Wiki Super Heavy/Starship - General Development Discussion

[JB47394]

Anything more than connected is the same thing though and it's safer to begin a linear approach from a distance to allow more time to react to problems than create a near miss situation to start with.

I don't understand. Here's a top notch graphic showing the approach. The black circles are the ships, and the red boxes are their docking mechanisms. What can go wrong? If the approaching ship has a failure, it's going to slide right past. If everything goes as expected, the approaching ship brakes without blasting the other ship with its thrusters, and stops within whatever distance can be tolerated.

Also keep in mind both objects are orbiting and can't maintain a fixed gap without continual thruster intervention unless they are pro/retrograde with identical speeds, in which case they aren't closing the gap.

How much of a drift are we talking about here with two ships moving with a 0.1 m/s differential? I have no idea how to calculate it.

 

[mongo]

I don't understand. Here's a top notch graphic showing the approach. The black circles are the ships, and the red boxes are their docking mechanisms. What can go wrong? If the approaching ship has a failure, it's going to slide right past. If everything goes as expected, the approaching ship brakes without blasting the other ship with its thrusters, and stops within whatever distance can be tolerated.

View attachment 1042933


How much of a drift are we talking about here with two ships moving with a 0.1 m/s differential? I have no idea how to calculate it.

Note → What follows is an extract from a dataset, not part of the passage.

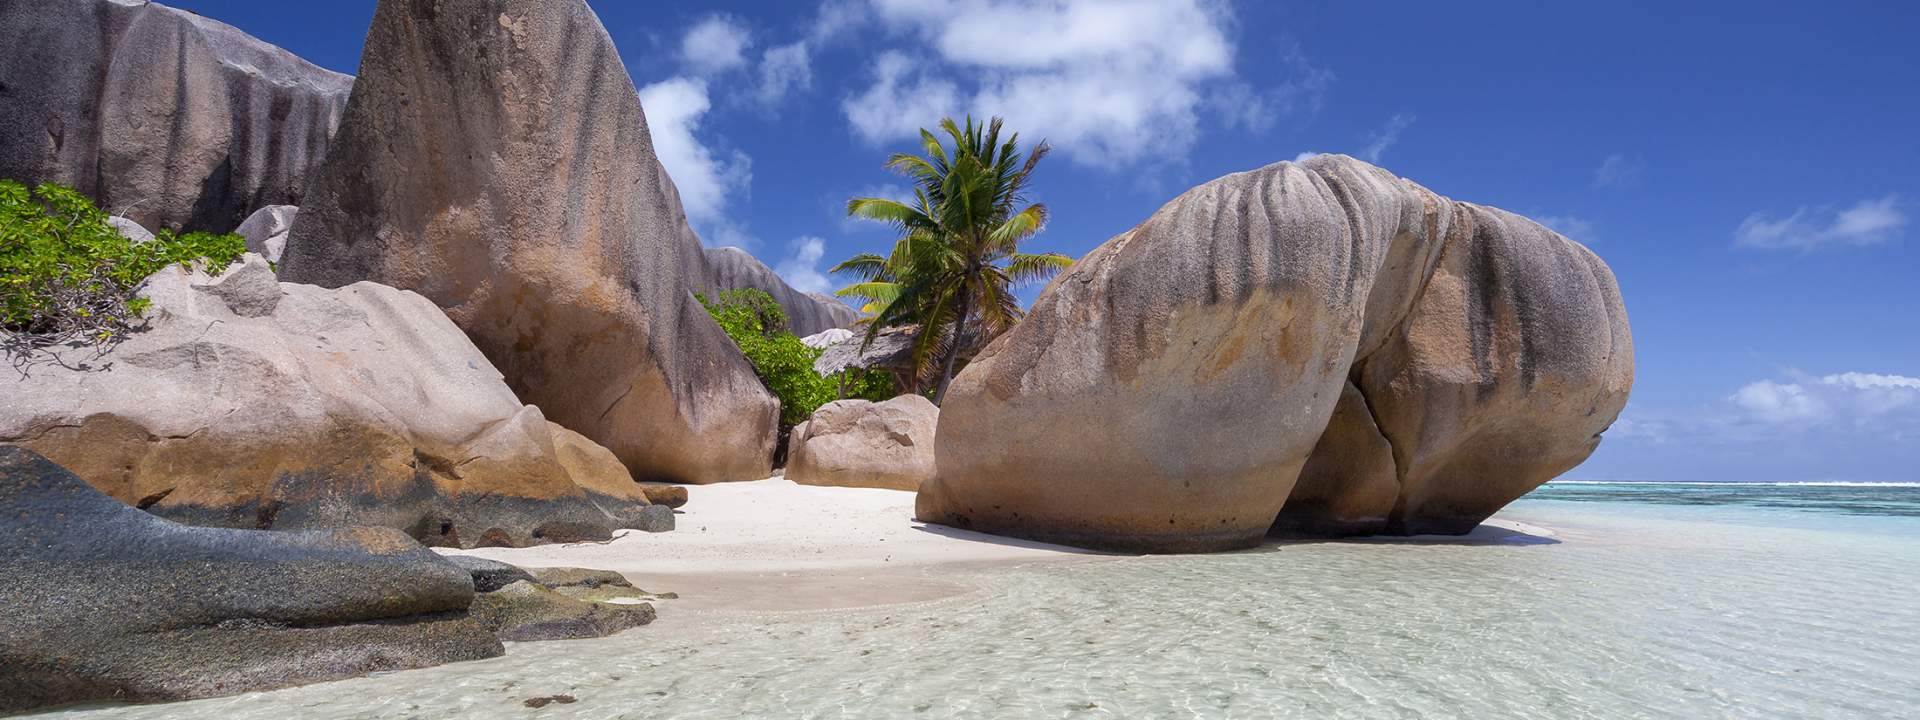 Crociera alla cabina per due: le Seychelles in goletta

Red is the cone of badness if there is excess velocity or error on the trajectory, blue is the effective path, cyan is equivalent straight in. What does the tangential approach buy you?

400 km vs 401km is about 2km/hr difference or half a meter per second for a circular orbits.

 

[JB47394]

What does the tangential approach buy you?

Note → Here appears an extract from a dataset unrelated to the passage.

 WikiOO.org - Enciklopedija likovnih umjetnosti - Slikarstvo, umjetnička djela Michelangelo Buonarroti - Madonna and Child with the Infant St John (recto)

The elimination of essentially all of the cyan component. On failure of cyan, you smack the target. On thrusting with cyan, you have to thrust at the target. I don't see any justification for the cyan approach.

 

[mongo]

The elimination of essentially all of the cyan component. On failure of cyan, you smack the target. On thrusting with cyan, you have to thrust at the target. I don't see any justification for the cyan approach.

How do you end up docking if you don't thrust at the target? Cyan is a long coast toward the target, tangental approach is a coast toward a much smaller target.

 

[JB47394]

How do you end up docking if you don't thrust at the target? Cyan is a long coast toward the target, tangental approach is a coast toward a much smaller target.

This may be a terminology thing. I'm talking about "firing my engines at the target". I don't want to do that. I want my exhaust to go either past the target in this tangential approach, or I want my exhaust to go away from the target so that my ship can go straight at it.

When I fire a thruster on my left side to go right, am I thrusting left or right? Words are a pain.

 

[mongo]

This may be a terminology thing. I'm talking about "firing my engines at the target". I don't want to do that. I want my exhaust to go either past the target in this tangential approach, or I want my exhaust to go away from the target so that my ship can go straight at it.

When I fire a thruster on my left side to go right, am I thrusting left or right? Words are a pain.

Ah, gotcha I had picked up the splash connotation, but also thought maybe velocity vector since we're discussing collisions.
In a straight on senario it shouldn't need to exhaust at the station either, wheras in the tangential approach it might if there was a late adjustment.

 

[JB47394]

In a straight on senario it shouldn't need to exhaust at the station either, wheras in the tangential approach it might if there was a late adjustment.

That's the opposite of my intuition, but unless we sit down at a pub and rely on the old standbys of a salt shaker and a pepper shaker to illustrate what we're talking about, I don't think we'll sort this out.

 

[ecarfan]

Glad you guys got that sorted.

In this new NSF video at the 16:05 point, Jack starts talking about ship propellant transfer and what NASA showed at a recent presentation. Here’s the NASA slide.

 

[JB47394]

Glad you guys got that sorted.

In this new NSF video at the 16:05 point, Jack starts talking about ship propellant transfer and what NASA showed at a recent presentation. Here’s the NASA slide.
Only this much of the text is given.